→ **WHAT THE TASK REQUIRES**
Retype the data below exactly, skipping pictures.

→ **SUPPLIED DATA**
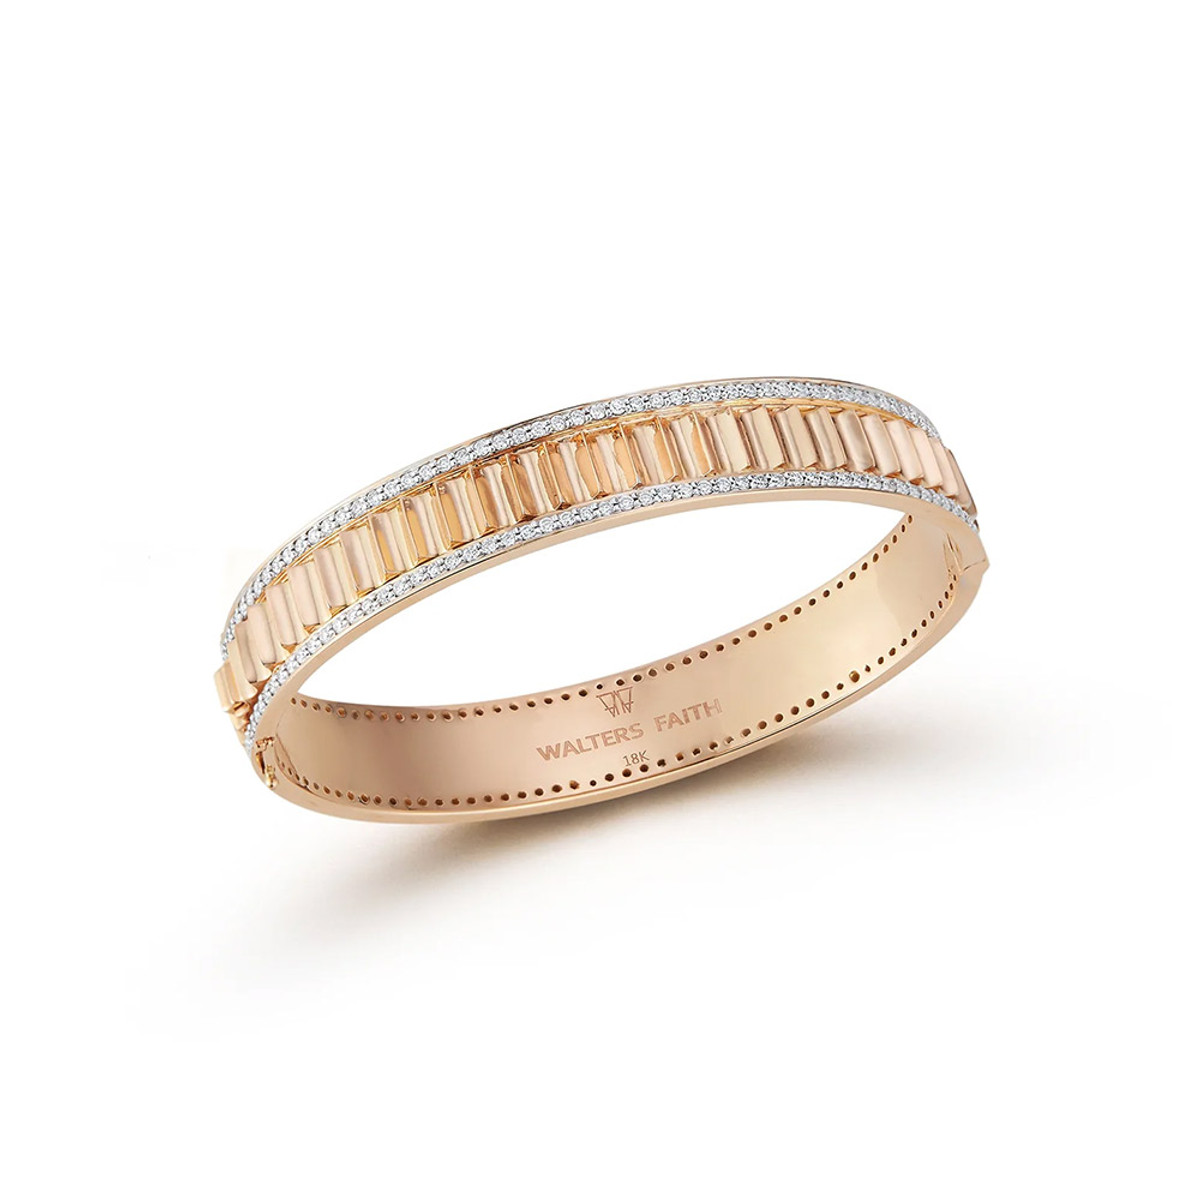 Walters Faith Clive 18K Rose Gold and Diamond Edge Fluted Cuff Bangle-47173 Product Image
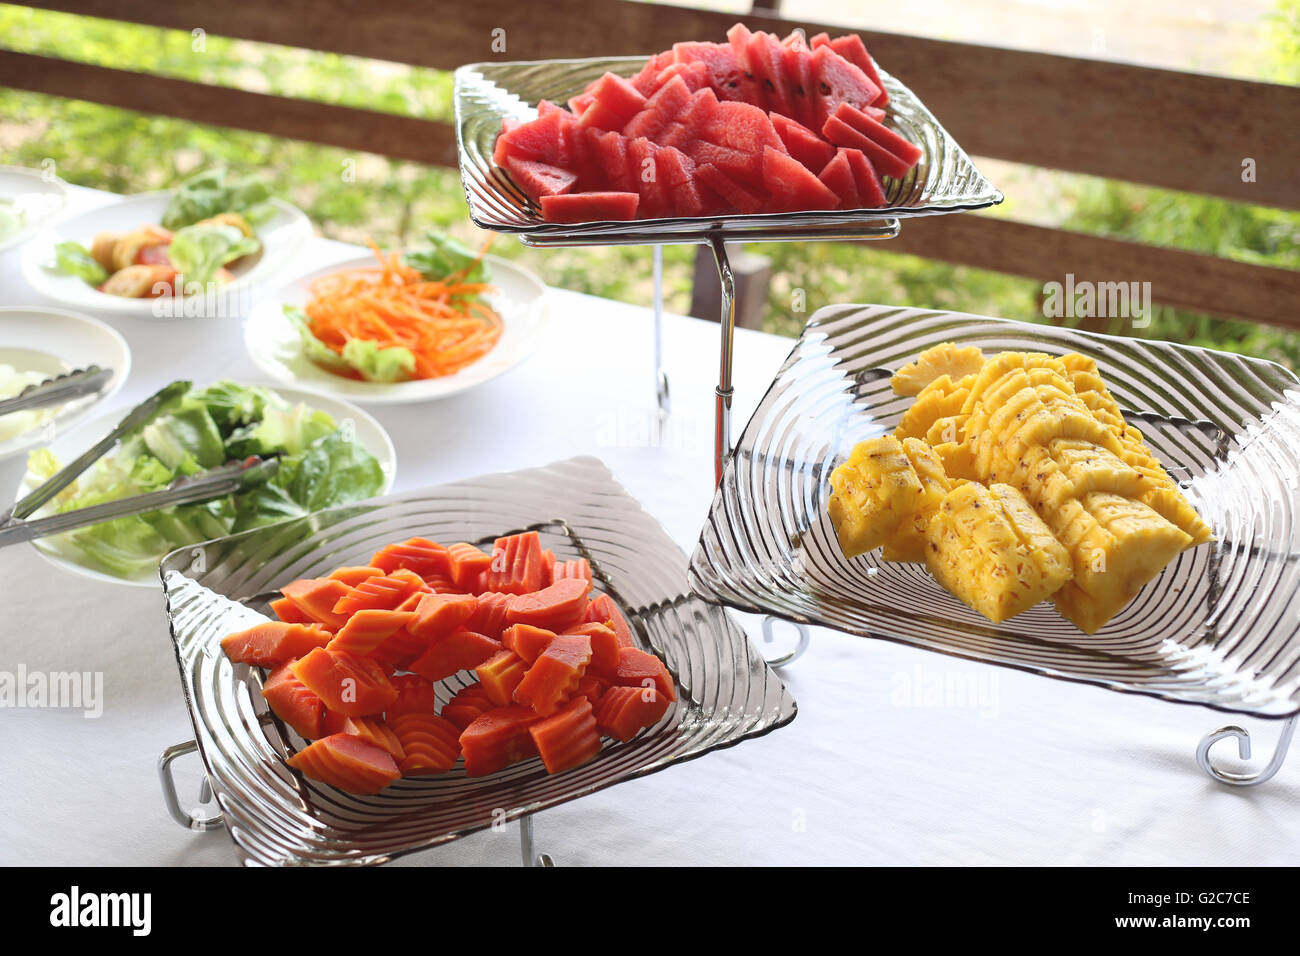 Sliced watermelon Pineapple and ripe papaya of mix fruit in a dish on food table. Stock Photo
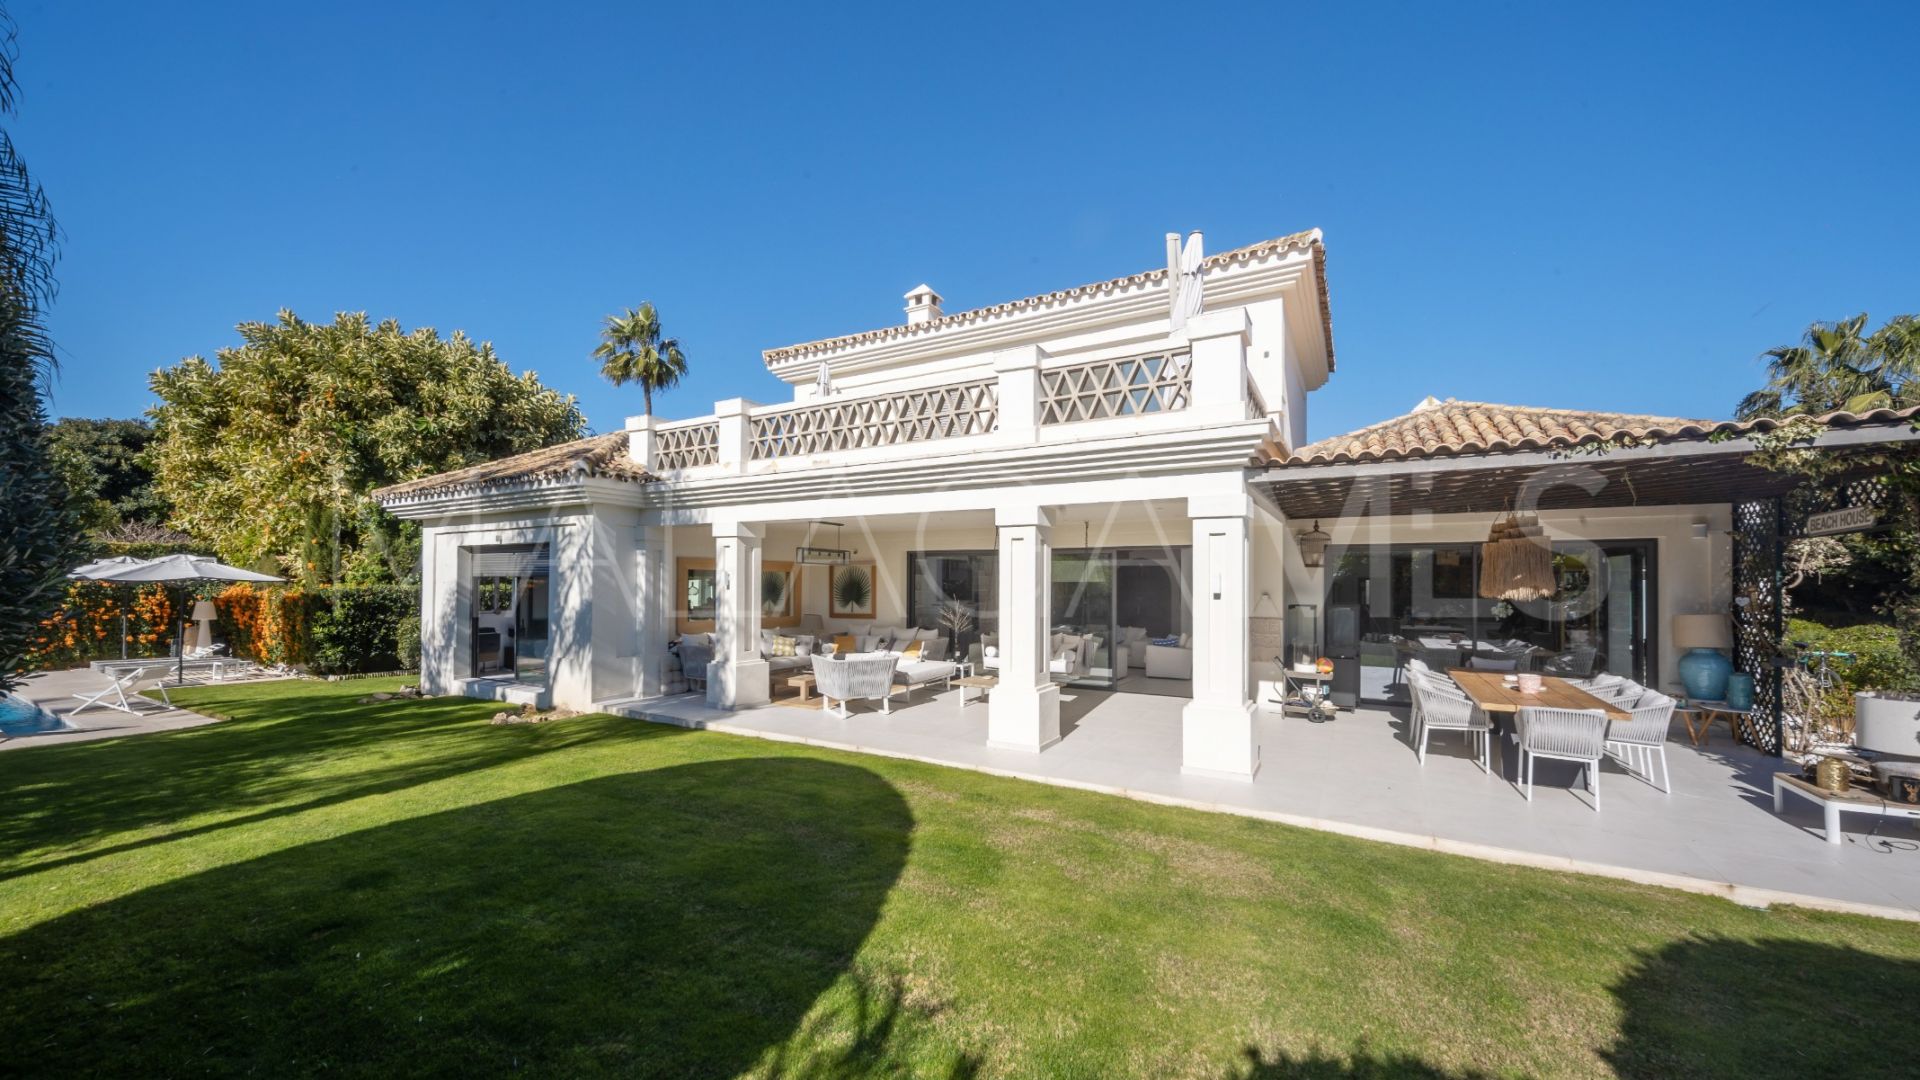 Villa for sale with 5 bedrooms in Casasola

→ **ANSWER BELOW**
 Walters Faith Clive 18K Rose Gold and Diamond Edge Fluted Cuff Bangle-47173 Product Image
 Sliced watermelon Pineapple and ripe papaya of mix fruit in a dish on food table. Stock Photo
 Villa for sale with 5 bedrooms in Casasola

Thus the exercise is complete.